▶ _Task details_
Stop at the line containing "Le nombre d'adresses": every line of the listing from the first up to that one must be set down exactly.

▶ _Recorded data_

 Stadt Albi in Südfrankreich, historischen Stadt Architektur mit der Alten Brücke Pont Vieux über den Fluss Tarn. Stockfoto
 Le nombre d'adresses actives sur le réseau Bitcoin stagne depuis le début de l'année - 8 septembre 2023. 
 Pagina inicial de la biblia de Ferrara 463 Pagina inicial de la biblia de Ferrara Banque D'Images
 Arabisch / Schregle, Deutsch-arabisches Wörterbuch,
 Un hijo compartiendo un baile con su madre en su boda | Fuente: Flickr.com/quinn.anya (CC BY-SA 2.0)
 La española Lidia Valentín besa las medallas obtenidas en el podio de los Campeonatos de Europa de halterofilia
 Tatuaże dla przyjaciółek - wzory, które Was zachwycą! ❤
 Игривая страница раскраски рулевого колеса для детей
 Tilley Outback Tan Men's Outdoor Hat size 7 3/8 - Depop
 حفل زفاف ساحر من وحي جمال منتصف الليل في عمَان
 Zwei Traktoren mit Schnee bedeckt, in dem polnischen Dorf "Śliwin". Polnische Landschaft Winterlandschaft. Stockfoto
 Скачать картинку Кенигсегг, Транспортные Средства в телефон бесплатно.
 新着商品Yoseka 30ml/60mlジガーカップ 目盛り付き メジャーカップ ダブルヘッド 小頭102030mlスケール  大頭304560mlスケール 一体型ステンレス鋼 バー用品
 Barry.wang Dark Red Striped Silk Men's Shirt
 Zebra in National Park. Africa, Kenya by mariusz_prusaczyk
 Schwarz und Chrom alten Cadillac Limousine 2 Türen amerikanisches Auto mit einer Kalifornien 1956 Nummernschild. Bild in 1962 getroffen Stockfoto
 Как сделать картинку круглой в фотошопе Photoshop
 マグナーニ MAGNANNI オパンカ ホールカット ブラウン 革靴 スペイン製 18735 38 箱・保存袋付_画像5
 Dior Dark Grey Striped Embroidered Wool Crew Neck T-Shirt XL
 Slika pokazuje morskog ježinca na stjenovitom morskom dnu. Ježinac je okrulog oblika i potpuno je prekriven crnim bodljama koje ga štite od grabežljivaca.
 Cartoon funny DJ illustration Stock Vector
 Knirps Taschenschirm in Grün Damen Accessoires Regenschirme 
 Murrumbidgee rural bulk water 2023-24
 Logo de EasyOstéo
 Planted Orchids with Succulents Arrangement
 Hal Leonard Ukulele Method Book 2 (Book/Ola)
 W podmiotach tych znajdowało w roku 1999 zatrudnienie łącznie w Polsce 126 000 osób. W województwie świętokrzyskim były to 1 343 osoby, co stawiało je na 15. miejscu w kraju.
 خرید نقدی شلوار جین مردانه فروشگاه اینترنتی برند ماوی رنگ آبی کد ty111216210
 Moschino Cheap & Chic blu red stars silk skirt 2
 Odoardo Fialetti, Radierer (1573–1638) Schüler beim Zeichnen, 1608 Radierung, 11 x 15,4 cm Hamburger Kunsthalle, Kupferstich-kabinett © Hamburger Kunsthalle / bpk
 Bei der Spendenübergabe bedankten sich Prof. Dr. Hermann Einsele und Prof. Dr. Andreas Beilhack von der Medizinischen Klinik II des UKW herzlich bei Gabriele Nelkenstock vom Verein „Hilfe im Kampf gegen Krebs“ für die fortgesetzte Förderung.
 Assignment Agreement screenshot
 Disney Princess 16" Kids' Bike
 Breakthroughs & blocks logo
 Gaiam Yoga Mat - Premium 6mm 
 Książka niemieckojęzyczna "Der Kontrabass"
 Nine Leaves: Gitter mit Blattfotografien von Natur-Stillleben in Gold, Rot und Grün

▶ _Task answer_
 Stadt Albi in Südfrankreich, historischen Stadt Architektur mit der Alten Brücke Pont Vieux über den Fluss Tarn. Stockfoto
 Le nombre d'adresses actives sur le réseau Bitcoin stagne depuis le début de l'année - 8 septembre 2023. 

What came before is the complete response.